== Goal of the exercise ==
Your output should be the lines below from the one holding "Printable Grinch Coloring Pages" through the one holding "The Grinch The Grinch Kids Coloring Pages", transcribed exactly, with no pictures.

== Records to use ==
- Opening Delimiter -
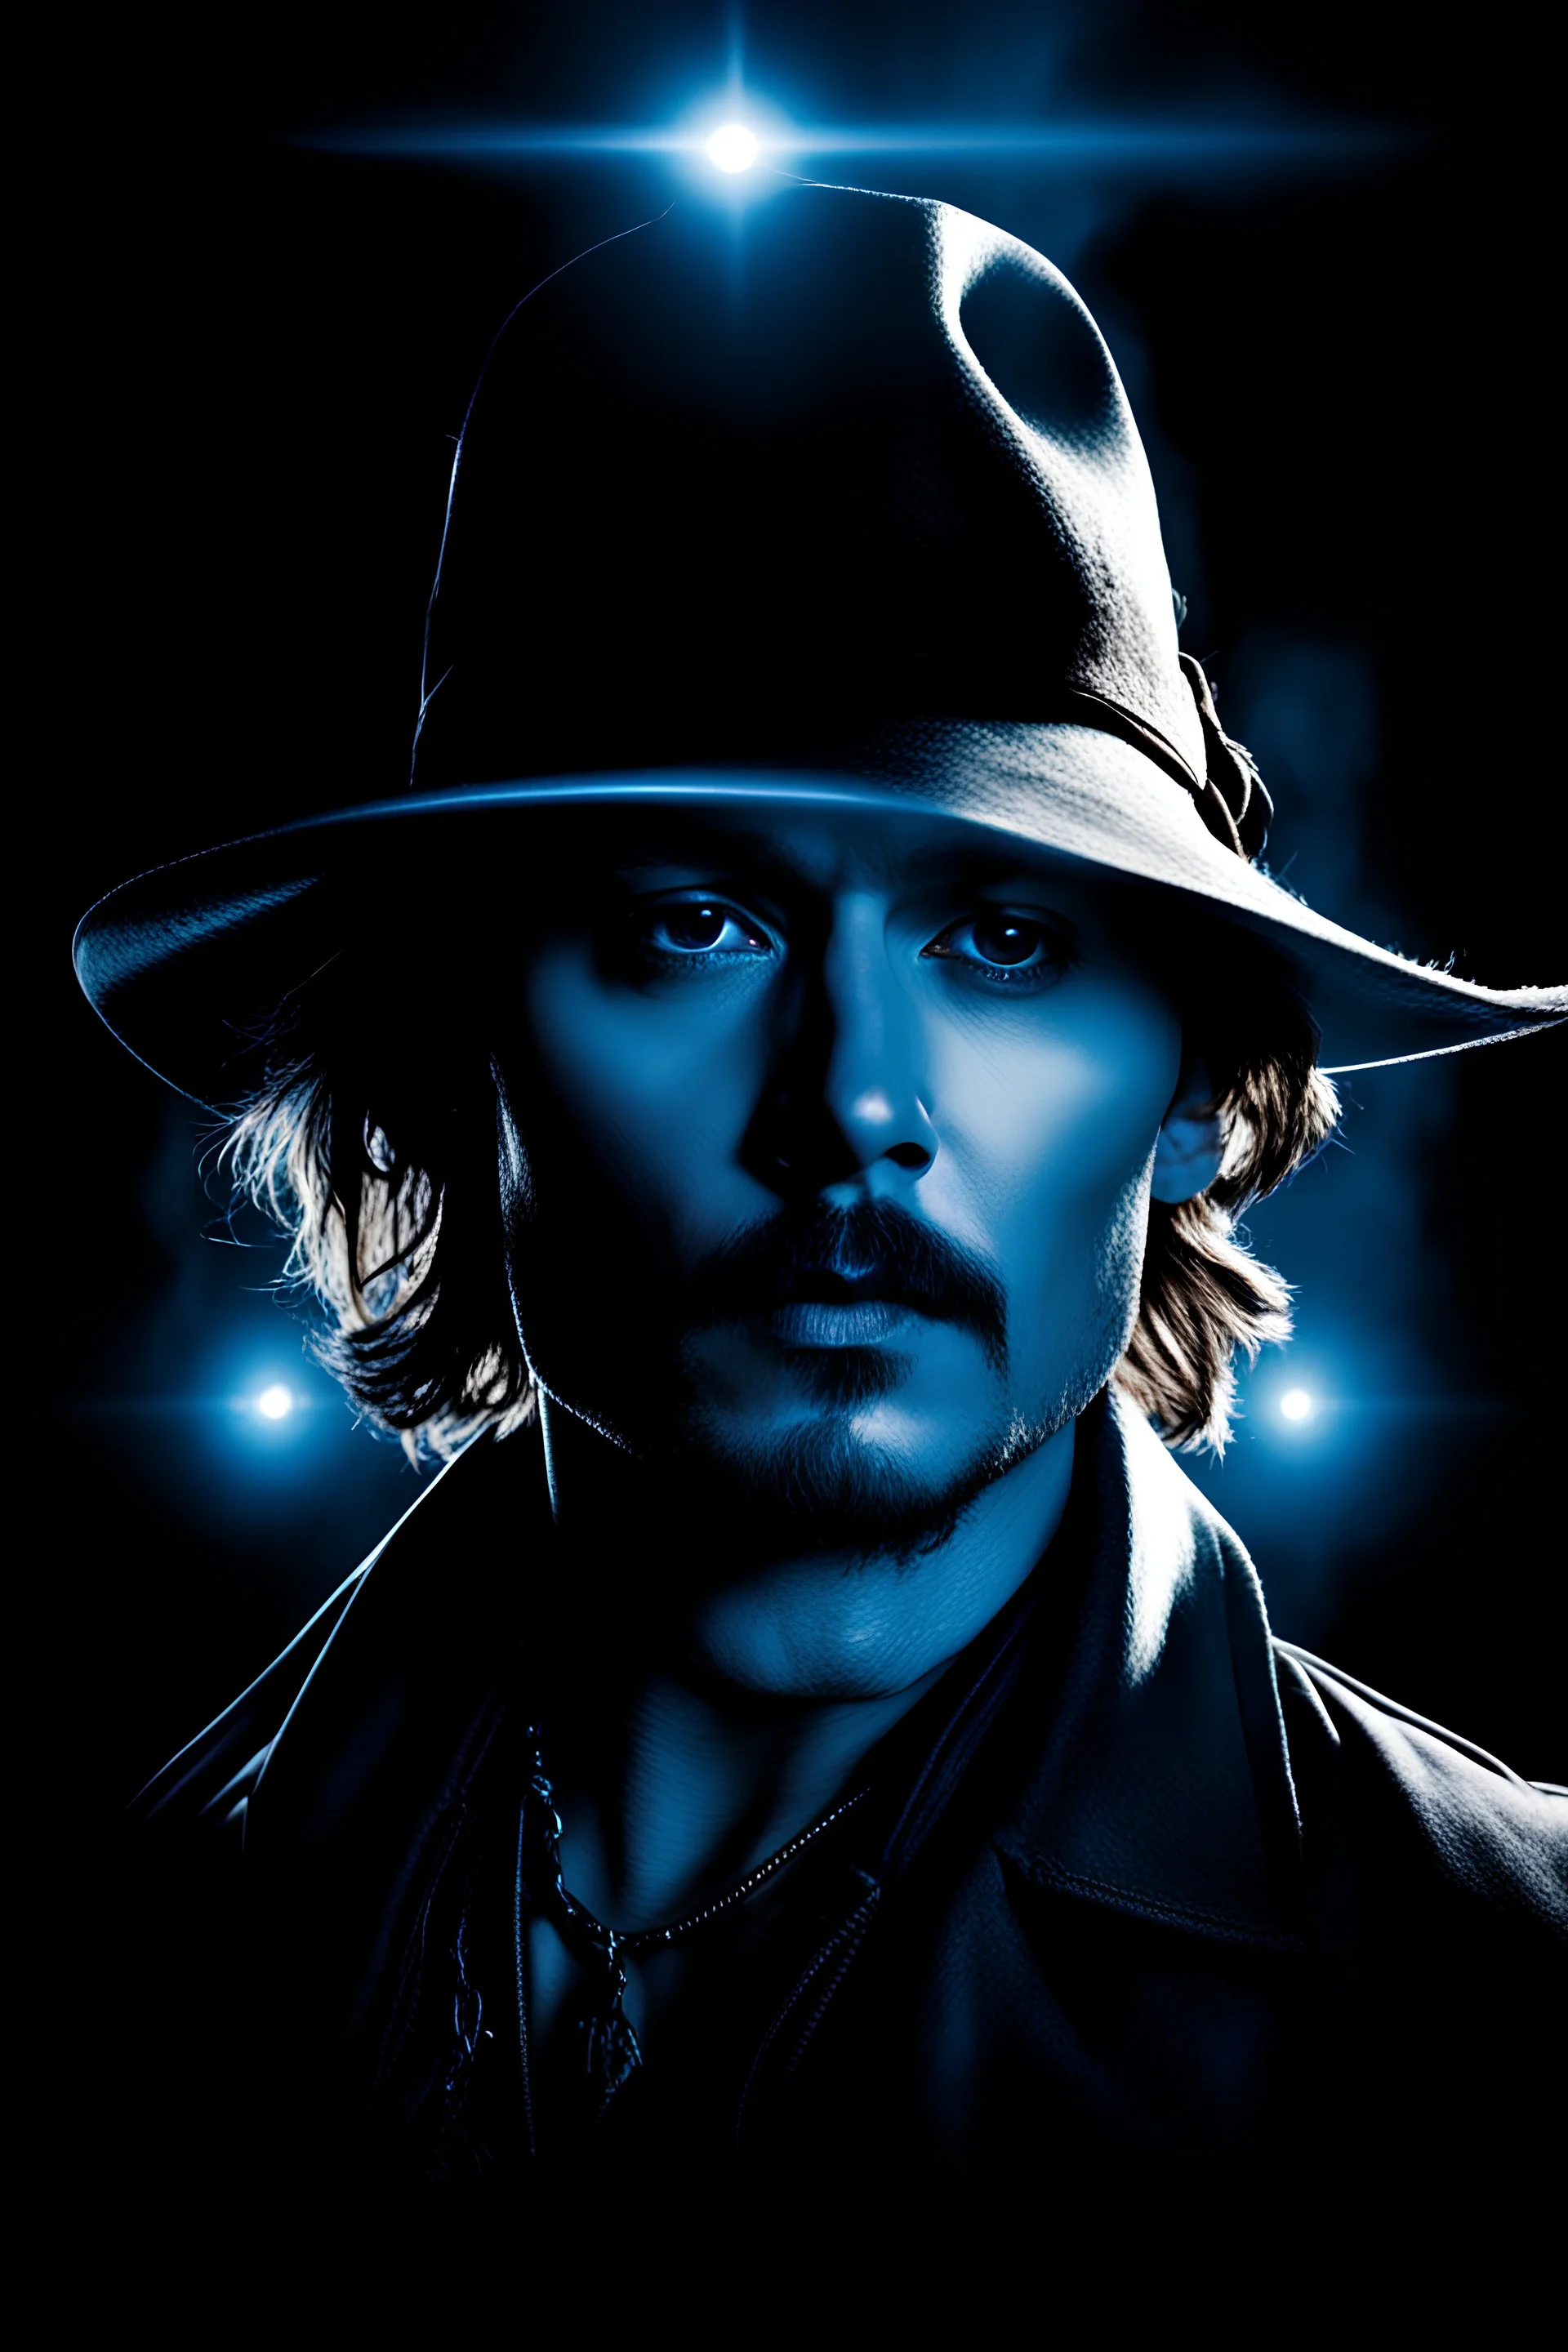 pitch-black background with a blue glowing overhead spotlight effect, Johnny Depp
- Closing Delimiter -
- Opening Delimiter -
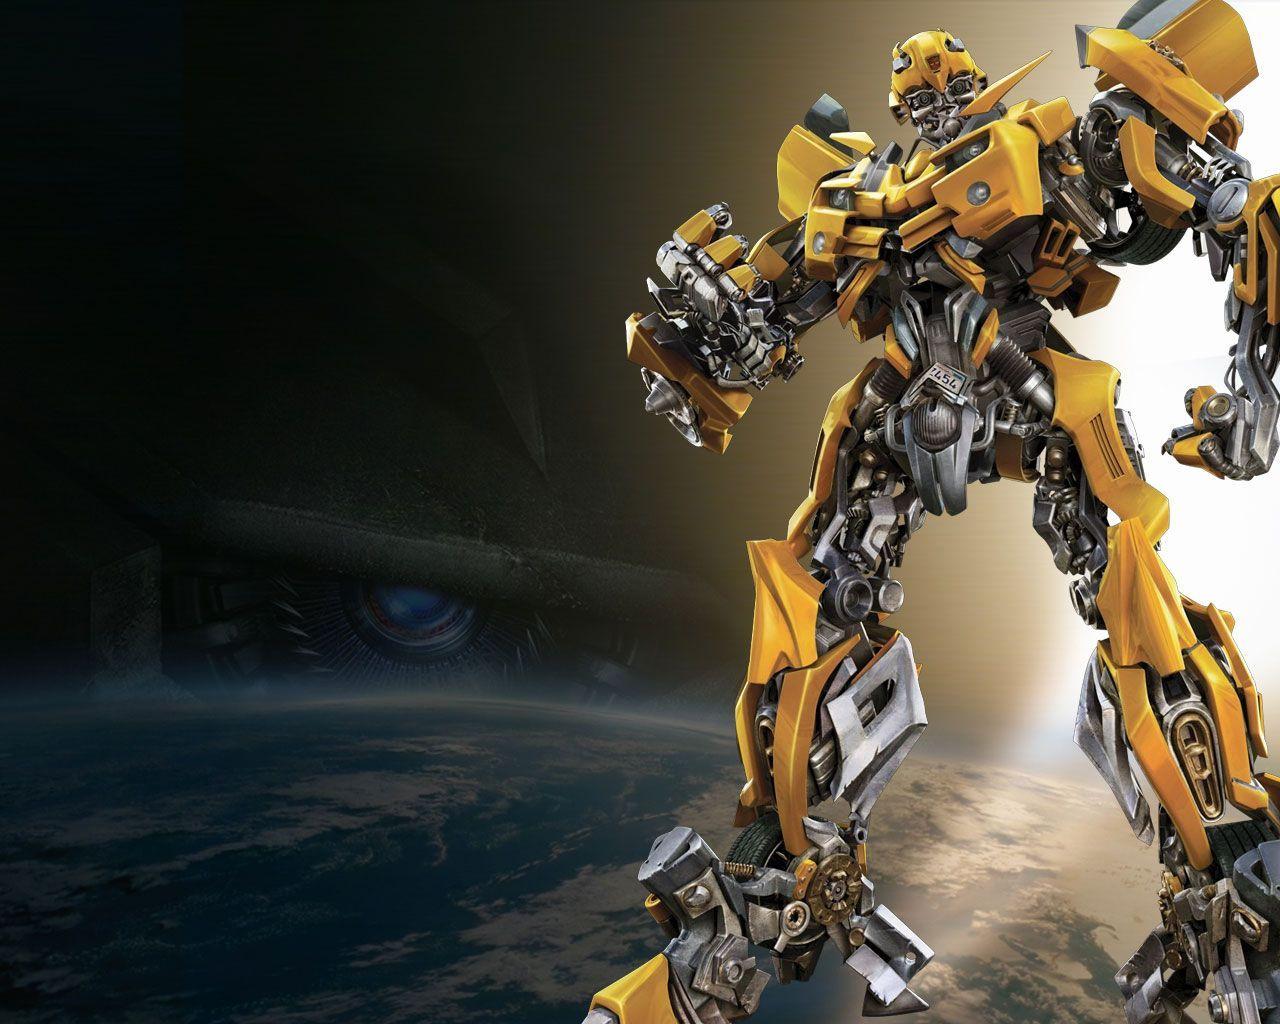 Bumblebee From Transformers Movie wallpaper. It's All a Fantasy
- Closing Delimiter -
- Opening Delimiter -
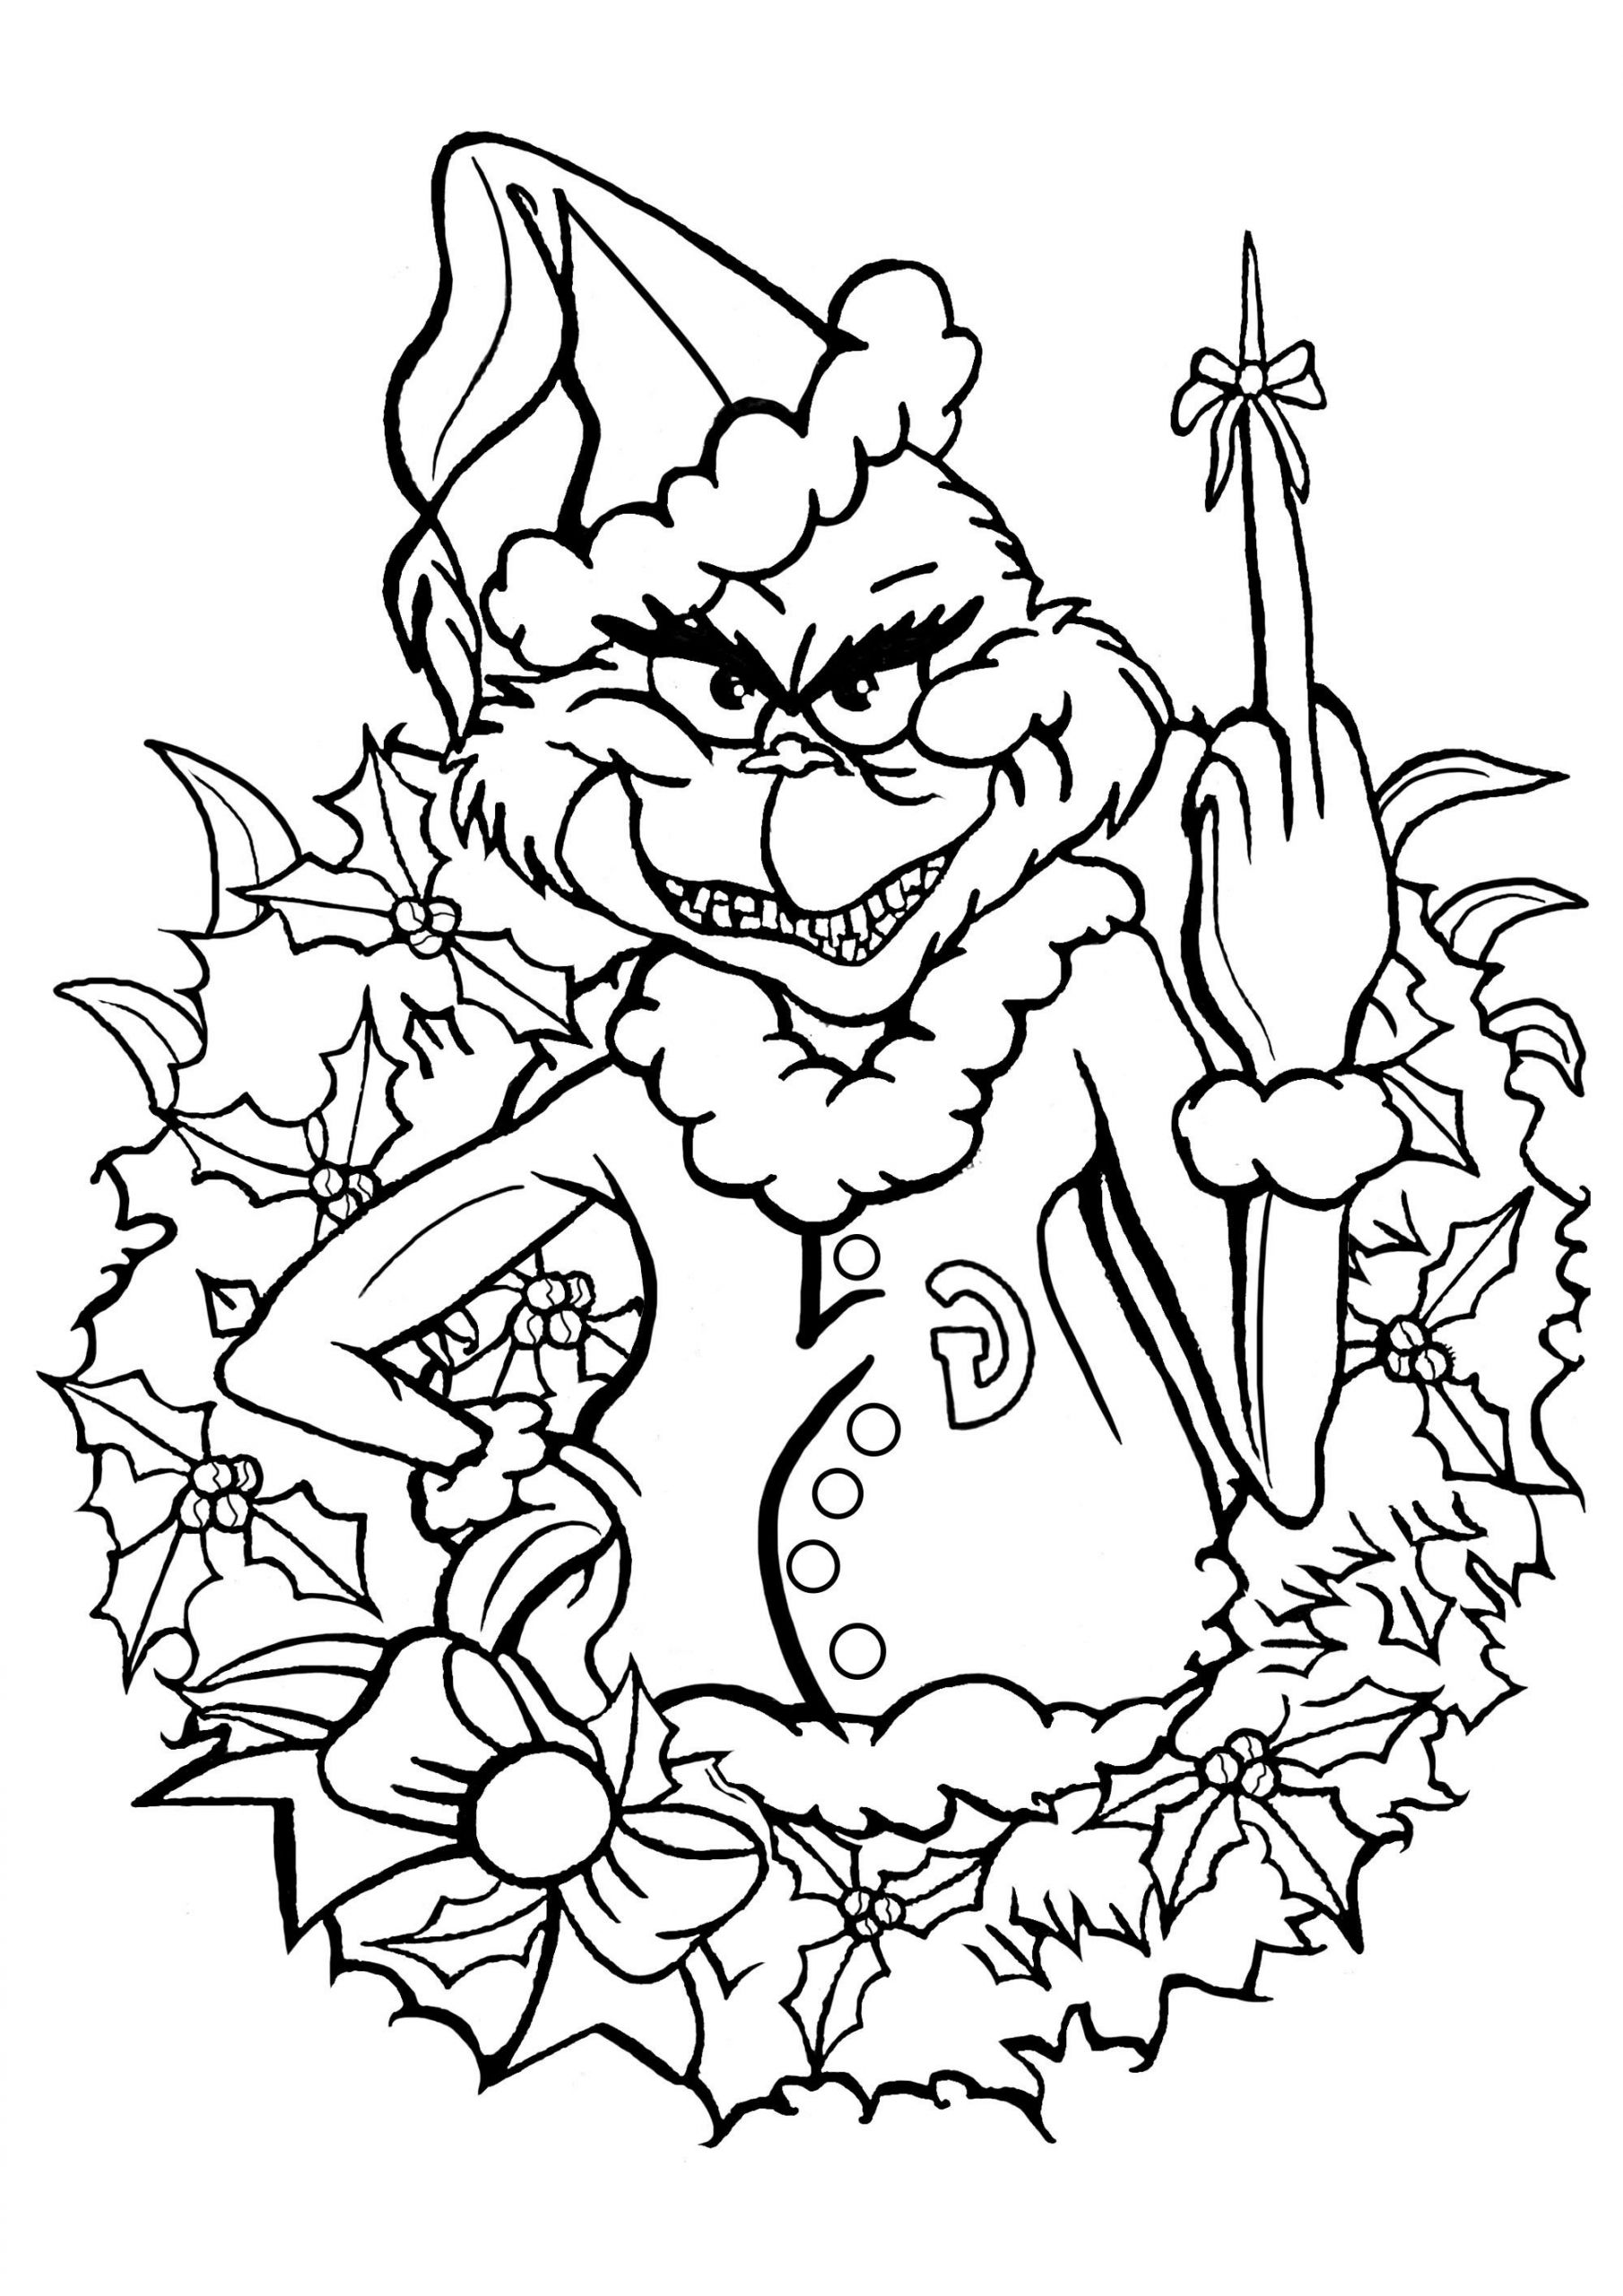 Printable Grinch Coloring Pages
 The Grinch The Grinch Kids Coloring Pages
- Closing Delimiter -
== Answer to this problem ==
 Printable Grinch Coloring Pages
 The Grinch The Grinch Kids Coloring Pages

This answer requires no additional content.